B) continue on and cross at the b ask again(if you have enough material you could do a regular through knot for more security) while still holding both end start twisting one end into a loose twist and tuck into the fold on top of the head near the front do the same to the other side.
C) continue on and cross at the back again(if you have enough material you could do a regular through knot for more security) Bring both ends forward tuck them where you can and use a second contrasting piece of cloth fold in half width way to get the same length but half the width of the first piece and do exactly the same thing as before or follow a or b.
Hair by Simone
(British Virgin Islands)
Currently, I'm using the Organics Root Stimulator products (Namaste Laboratories, L.L.C.), mainly the Olive oil hairdress, Hair Mayonnaise - for deep conditioning, and the Fertilizing Temple Balm and Dry Scalp Relief Oil as necessary. I also use Aveda's Shampure, Volumizing Tonic and Madder Root Conditioner (to keep the red streaks red).
I must say that the best shampoo that I have ever used is one called Fructis Fortifying Shampoo by Laboratoires Garnier. I bought this in the UK. It smells great, cleans and strenghtens your hair, and leaves it incredibly soft; like Aveda, this is made with natural ingredients.
Most of my hair styles are based on the two strand twists; from there, I can do almost anything! Following are four of my favorite styles to wear.
BUN (or doughnut): The twists are gathered on top of my head in a ponytail; I then secure a Goody circle comb (long, zig-zagged and flexible with a catch at one end) around the ponytail with a diameter the size of my palm. The ends of the twists are pinned outward from the center. For a fuller looking bun, tie a black cord (about 2 ft long) around the Goody comb before pinning in the twists.
FRENCH TWIST: From the nape, I gather my hair and twist in one direction until I get to the top of my head, securing stray twists with pins as I go. The hair at the front is coaxed (it's not natural for my hair to go that direction) back into the twist, and pinned neatly into the french twist. With a bang in front, it's all done.

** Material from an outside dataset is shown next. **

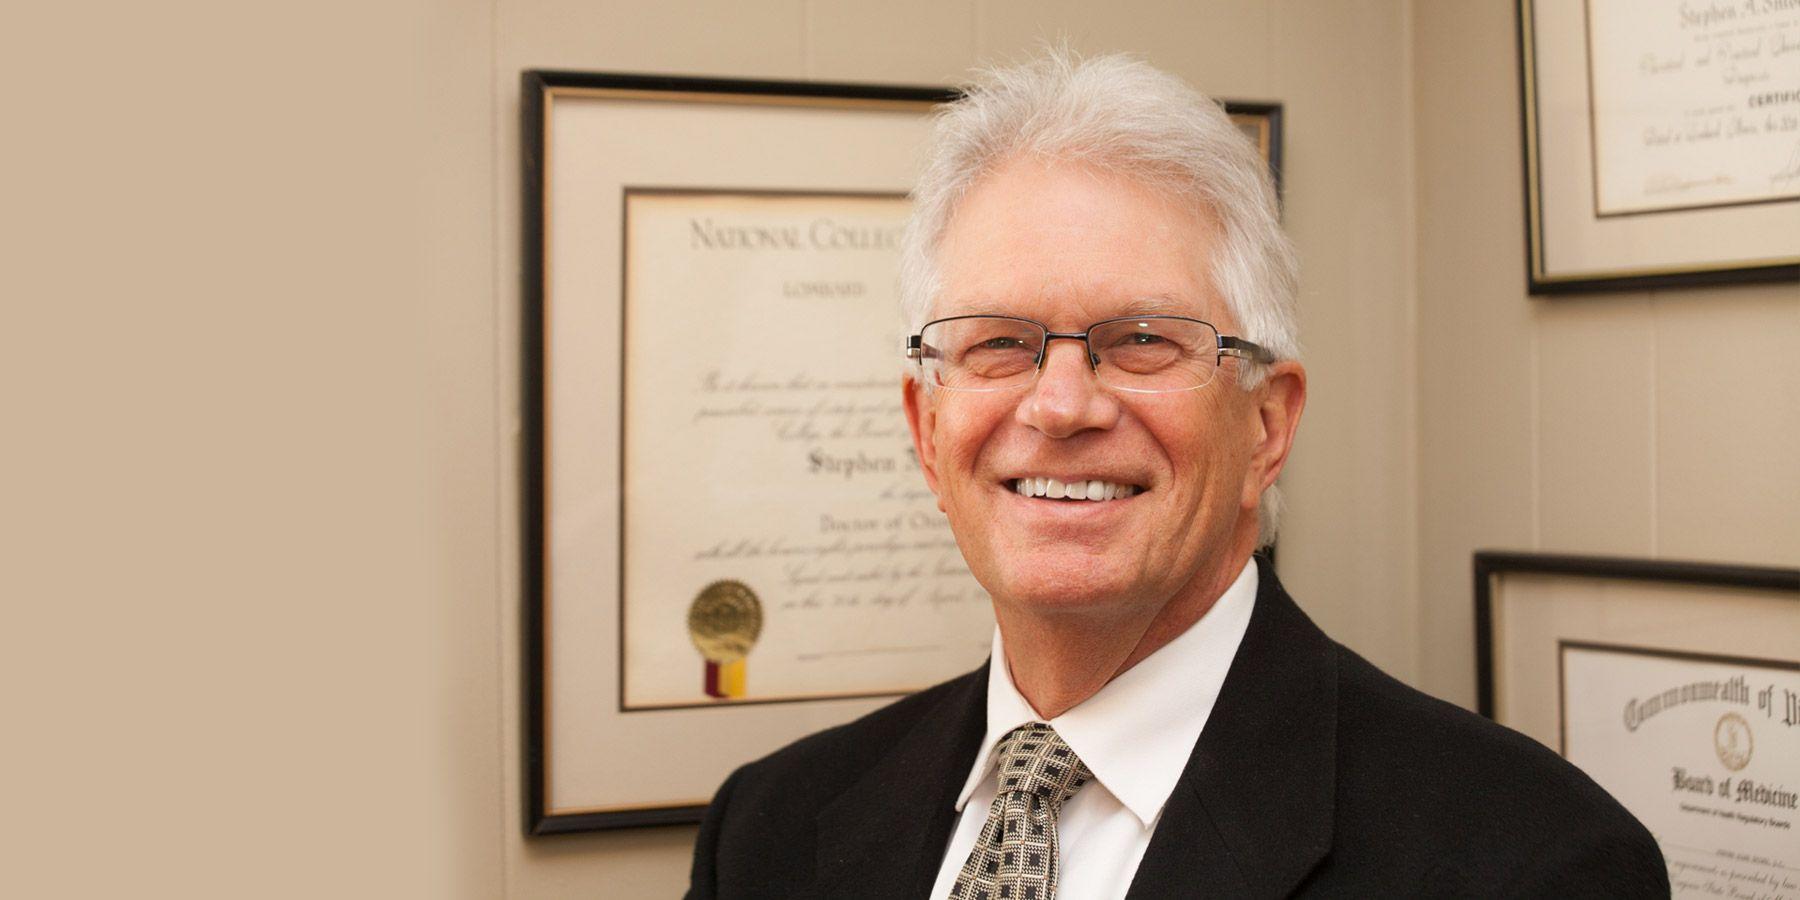 Dr. Stephen Snider

PAGE: This requires your hair to be twisted differently throughout your head. In the front, back and sides, your two strand twists should be a bit smaller and tighter than the top of your head where you will need more body. A few hours (or the night) before, pull most of your hair back into a low ponytail (if hair iis short and chic, use those triangular hair barrettes that snap and hair clips). For the ponytail wearers, ensure that the lenght of the ponytail is covered tightly (wrap lenght with silk wrap). In the front, pin the twists down to the sides (this is a good point to ensure that that front part is where you want it). Tie hair with silk, and at showtime, fix hair with your fingers. For different regions of the states, a holding agent (try Aveda's confixur) may be necessary.
UNDONE: This is my favorite and most time consuming style. It requires a slightly different twist pattern. When twisting, actually twist the strands before twisting them together. When finished, gel (use a gel that's clear and doesn't smell of alcohol) and let dry. Undo with your fingers and go.
To this day, I have not encountered a hair stlye I've seen in relaxed hair (sans the gravity defying dos) that I could not achieve with my own natural hair, providing I had the lenght it required. At this point, I want to thank my girl Colleen in St. Croix, who helped me get to this stage with my hair during the college dayz. She is a true genius with her hands (and her voice).
DONELLA

I have just started using two new products that I would recommend using on natural hair.
I discovered Carol's Daughter products, I am currently using the Healthy Hair Butter and Khoret Amen Hair Oil.
The products are wonderful and I have noticed a difference in my hair within 2 days of using the products. What I really like about the products is that they are all natural and that's what it's all about keeping it free and natural.